L'ennemie sociale.jpgEn 1890, la Franc-Maçonnerie représente 136 000 loges et 28 millions de « frères » et « sœurs ». Elle dispose d’un budget annuel de 3 milliards de francs. À l’époque, elle est déjà de première importance car à l’inspiration et à l’origine de la plupart des lois et décisions républicaines. Elle se déclare « humaniste, progressiste, amie du genre humain », mais quelle est sa véritable nature ? Dans son Encyclique « Humanum gentium », le pape Léon XIII a demandé : « Arrachez à la Franc-Maçonnerie le masque dont elle se couvre et faites-la voir telle qu’elle est. » Tel est le but de cet ouvrage qui démarre par une partie historique rappelant toute l’histoire de la maçonnerie laquelle remonte à la nuit des temps. Ainsi découvre-t-on entre autres que la première loge maçonnique créée en France fut constituée le 13 octobre 1721 à Dunkerque par Lord Montaigu, grand maître de la Grande Loge d’Angleterre sous le titre « Amitié et Fraternité » et que la seconde fut fondée à Paris par Lord Derwent-Water en 1725. Merci les Anglais. Sait-on aussi que Louis XVI, Louis XVIII et Charles X furent eux-mêmes intronisés maçons de la Loge « Les trois frères » qui siégeait à Versailles ?

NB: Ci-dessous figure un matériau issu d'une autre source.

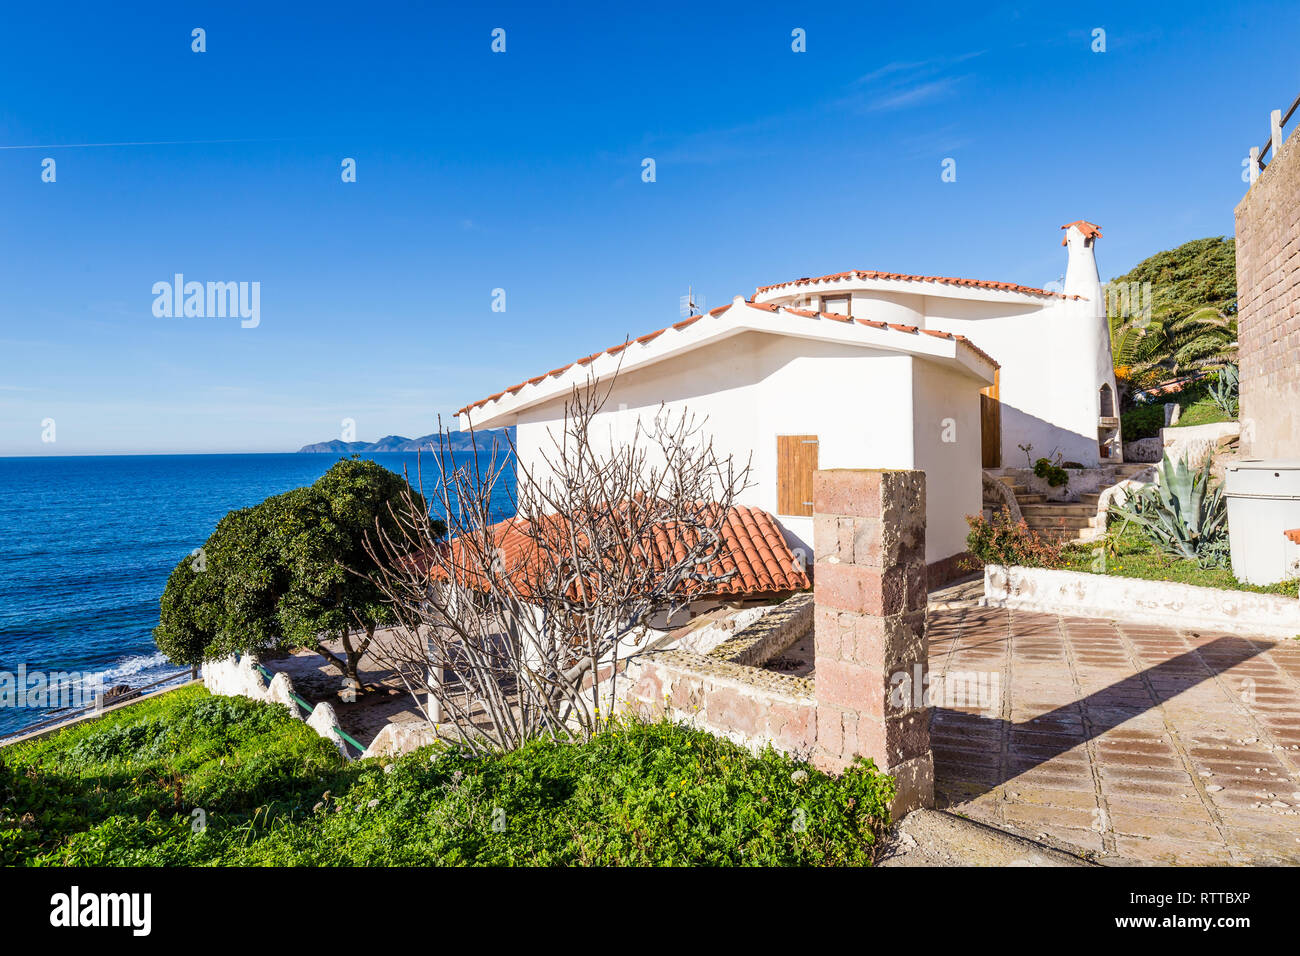 Porto Alabe, Sardaigne, île, Italie - Décembre 12, 2019 : belle maison de vacances aloing blanc la plage de Porto Alaba, Sardaigne, Italie Banque D'Images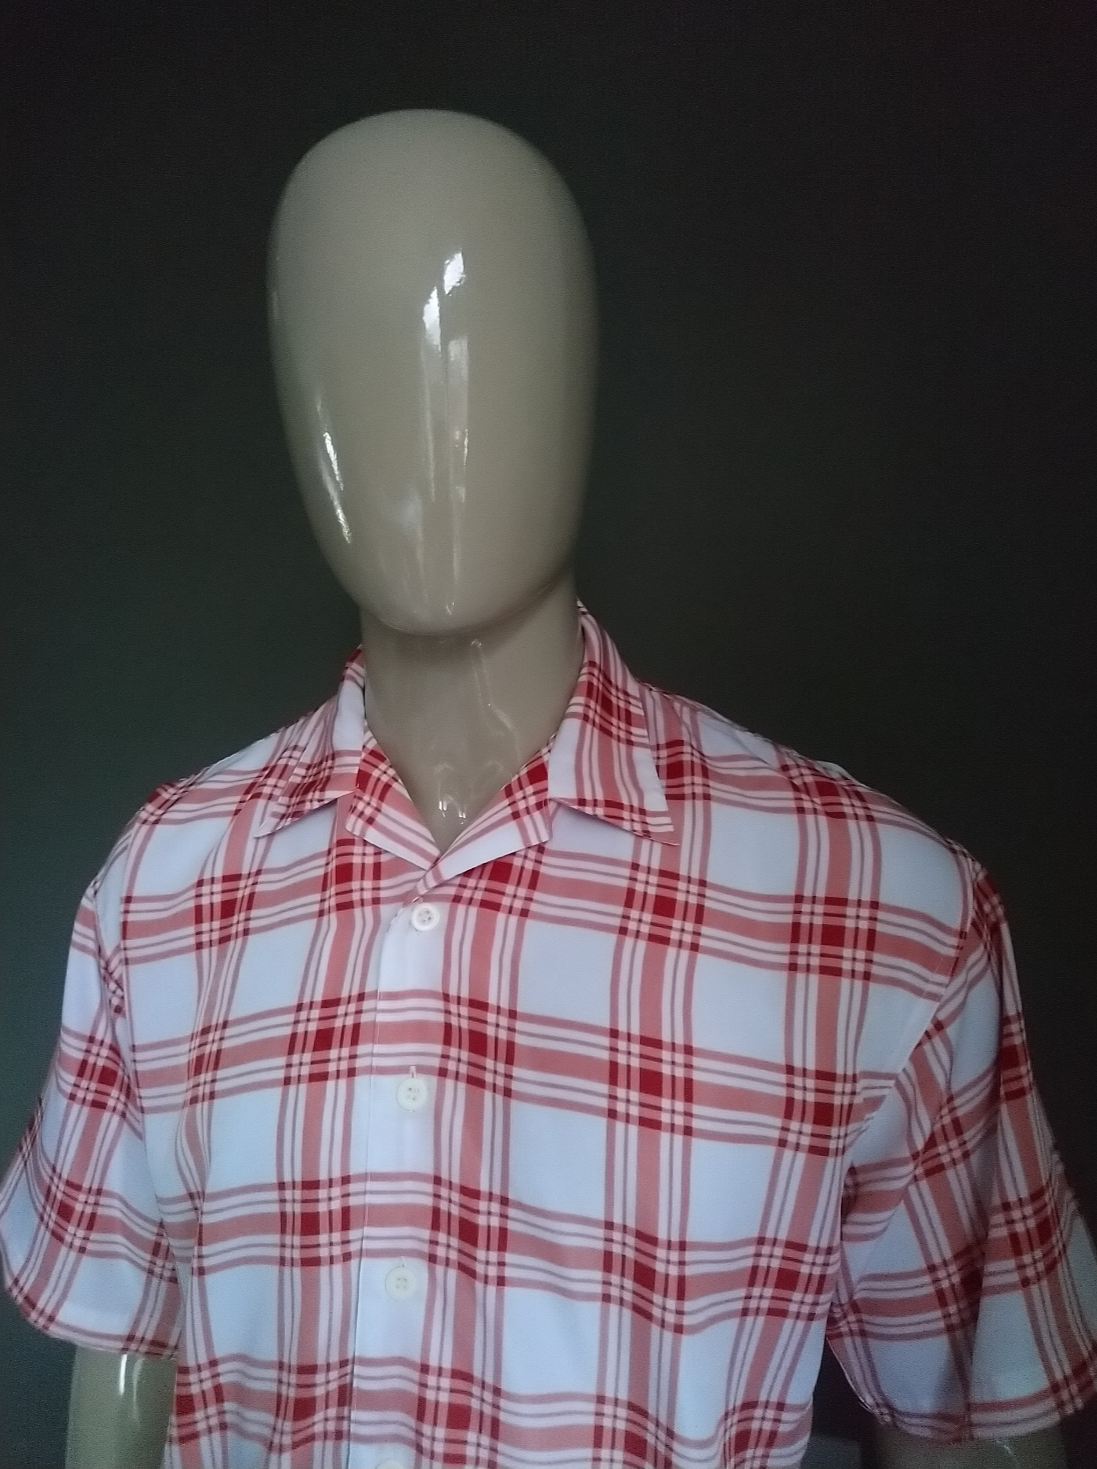 Camicia Supercool con maniche corte. Motivo a quadretti bianco rosa rosso. Taglia L.

« L’ennemie sociale » se présente comme un essai ou un document historique se voulant exhaustif et présentant une analyse particulièrement précise de la situation de la maçonnerie à la fin du XIXème siècle. L’ouvrage comporte trois grandes parties (la maçonnerie en France, en Belgique et en Italie). L’auteur s’efface totalement en se contentant de citer textes et déclarations de divers Grands Maîtres, lesquels sont parfaitement clairs sur les buts réels de l’organisation transnationale. Il s’agit d’appliquer leur devise, « Liberté, Egalité, Fraternité » trois préceptes ambigus qu’il faut comprendre comme applicables aux seuls maçons et non aux opposants. En effet, l’enseignement maçonnique comporte une partie avouée, une partie avouable et une partie inavouable. C’est celle-ci que l’auteur parvient magistralement à débusquer. Cette organisation secrète veut en effet la destruction de toute religion par la corruption de la conscience, la destruction de toute autorité par la corruption de l’enseignement et la destruction de toute morale par la corruption de l’Etat. Un ouvrage majeur, somme indiscutable et un tantinet indigeste (vu l’accumulation de documents) qui permettra à son lecteur de faire des parallèles avec la situation actuelle et de comprendre d’où est partie et à quoi a abouti cette entreprise que certains qualifient de « satanique ».